Пойдёмте. Что касается кружевов, у меня к ним такая особая деликатность, что порой прямо таки выхожу из себя.
Сцена II.
ОРИАНА, ЛЮСИ, АРГИМОН, ДАМИС.
ДАМИС.
Господин, хозяин послал спросить, не хотите ли вы, чтобы он сохранил за вами ложу, сходить в воскресенье на «Критику Школы Жён» Мольера? Он говорит, что госпожа Ариста и Госпожа Клеона посылали взять им одну, они пойдут.
АРГИМОН.
Иди, скажи, что хочу.
Сцена III.
ОРИАНА, ЛЮСИ, АРГИМОН.
АРГИМОН.
В принципе, я уже смотрел её несколько раз : большинство торговцев на улице Сен-Дени очень любят комедии, обычно нас набирается человек сорок-пятьдесят, которые ходят на все премьеры. И когда в этих пьессах появляется что-то особенное и те гремят славой, мы кучкуемся по четверо или пятеро и снимаем ложу для наших дам. Поскольку, что касается нашей толпы, то обычно просто идём все сразу табуном в партер. В воскресенье мы поведём туда симпатичных торговочек с этой улицы вместе с жёнами нотариуса и прокурора.
ОРИАНА, Люси тихо.
Нужно, пока я жду Меланта, разговорить продавца.
ЛЮСИ, Ориане тихо.
Отличная идея.
ОРИАНА, продавцу.
Поскольку вы столько раз видели «Критику», расскажите, что вы думаете о ней ?
АРГИМОН.
Ах! Госпожа, не мне судить о пьесе такого рода. Люди высшего общества могли бы лучше рассказать и сообщить, хорошо они изображены там или плохо.
ОРИАНА.
Ах, как же мне нравится, когда вы вот так говорите: разве не странно, что достойные люди страдают от того, что их разыгрывают в театре, и что они идут любоваться портретами своих самых нелепых поступков, чтобы завоевать репутацию у знаменитого Мольера и заставить изобразить их, иной раз, более сильными чертами и более яркими красками.
АРГИМОН.
Что касается меня, госпожа, то не настолько я велик, как этот Мольер, чтобы обвинять людей высшего общества.
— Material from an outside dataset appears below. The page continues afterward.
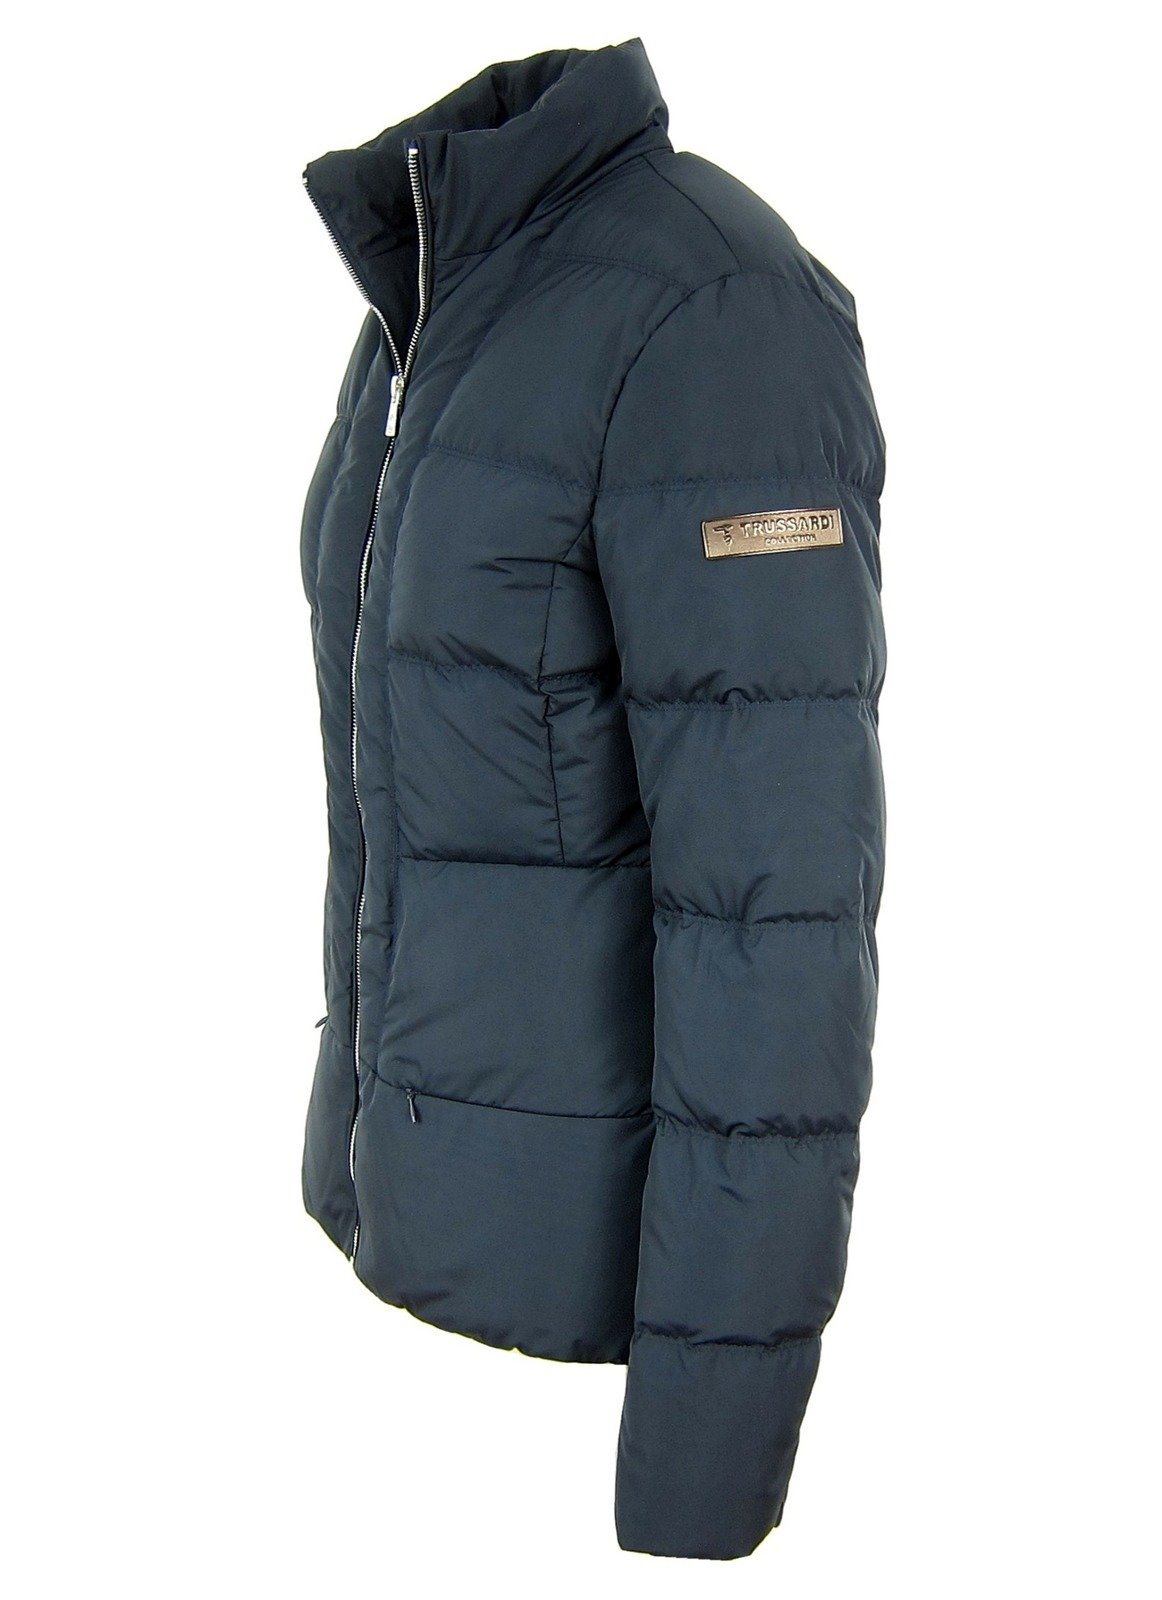 Details zu TRUSSARDI Collection Exver Maiolo Damen Women Daunen Jacke Down Jacket Navy Grau

Я считаю, все эти люди делают то, что советует им их осторожность. Они отлично видят, что это над ними насмехаются в этой комедии, но им удобно держать всё под контролем, не показывая, что догадываются. Достаточно того, что те пребывают в тайной досаде, поскольку тот, кто первым раскроет себя, подвергнется публичной насмешке и сам покажет, что смеются над ним. Вот почему те, кого изображают а комедии, смеются первыми, стараясь своими аплодисментами убедить, что речь идёт о ком-то другом. Такого моё мнение, по карайней мере.
ОРИАНА.
В том, что вы говорите есть что-то такое. Но всё таки, что бы вы сказали о пьесе ?
АРГИМОН.
На этой улице найдутся пятнадцать или шестнадцать торговцев, которые расскажут вам о ней много всякого. Поскольку за последние тридцать лет они пересмотрели все комедии, которые были в театре. И всё, что есть в Париже у выдающихся Буржуа, относится к чувствам этих господ. Должен буду признаться вам в одной вещи, которая удивляет : никогда не замечал, чтобы они осуждали пьесу сразу после премьеры или говорили бы, чтобы она будет успешной, когда успеха могло бы не быть. И что меня восхищает, так это то, что они всегда проявляли в себе чувства людей высшего общества, и что все пьесы, которые были успешными в партере, всегда хорошо принимали в ложах и в амфитеатре. Был один, даже совсем недавно, зайдя к какой-то знатной даме, у которой у него было какое-то дело, так там несколько человек обсуждали новую пьесу, которую играли в театре. Ему оказали честь, спросив, что он о ней думает, так он сказал им так, что удивил всех собравшихся и заставил признать, что Сан-Дени неспроста считают центром театральной жизни.
ОРИАНА.
Я уже слышала, что эти господа часто ходят на комедию и что пьеса, которая им не понравится, находится в большой опасности. Но давайте оставим их чувства, и расскажите о ваших.
АРГИМОН.
Ах! Госпожа, о моих ...
ОРИАНА.
Да, именно о ваших.
АРГИМОН.
Раз уж приказываете ...
ОРИАНА.
Займём места.
АРГИМОН, после того как оба сели.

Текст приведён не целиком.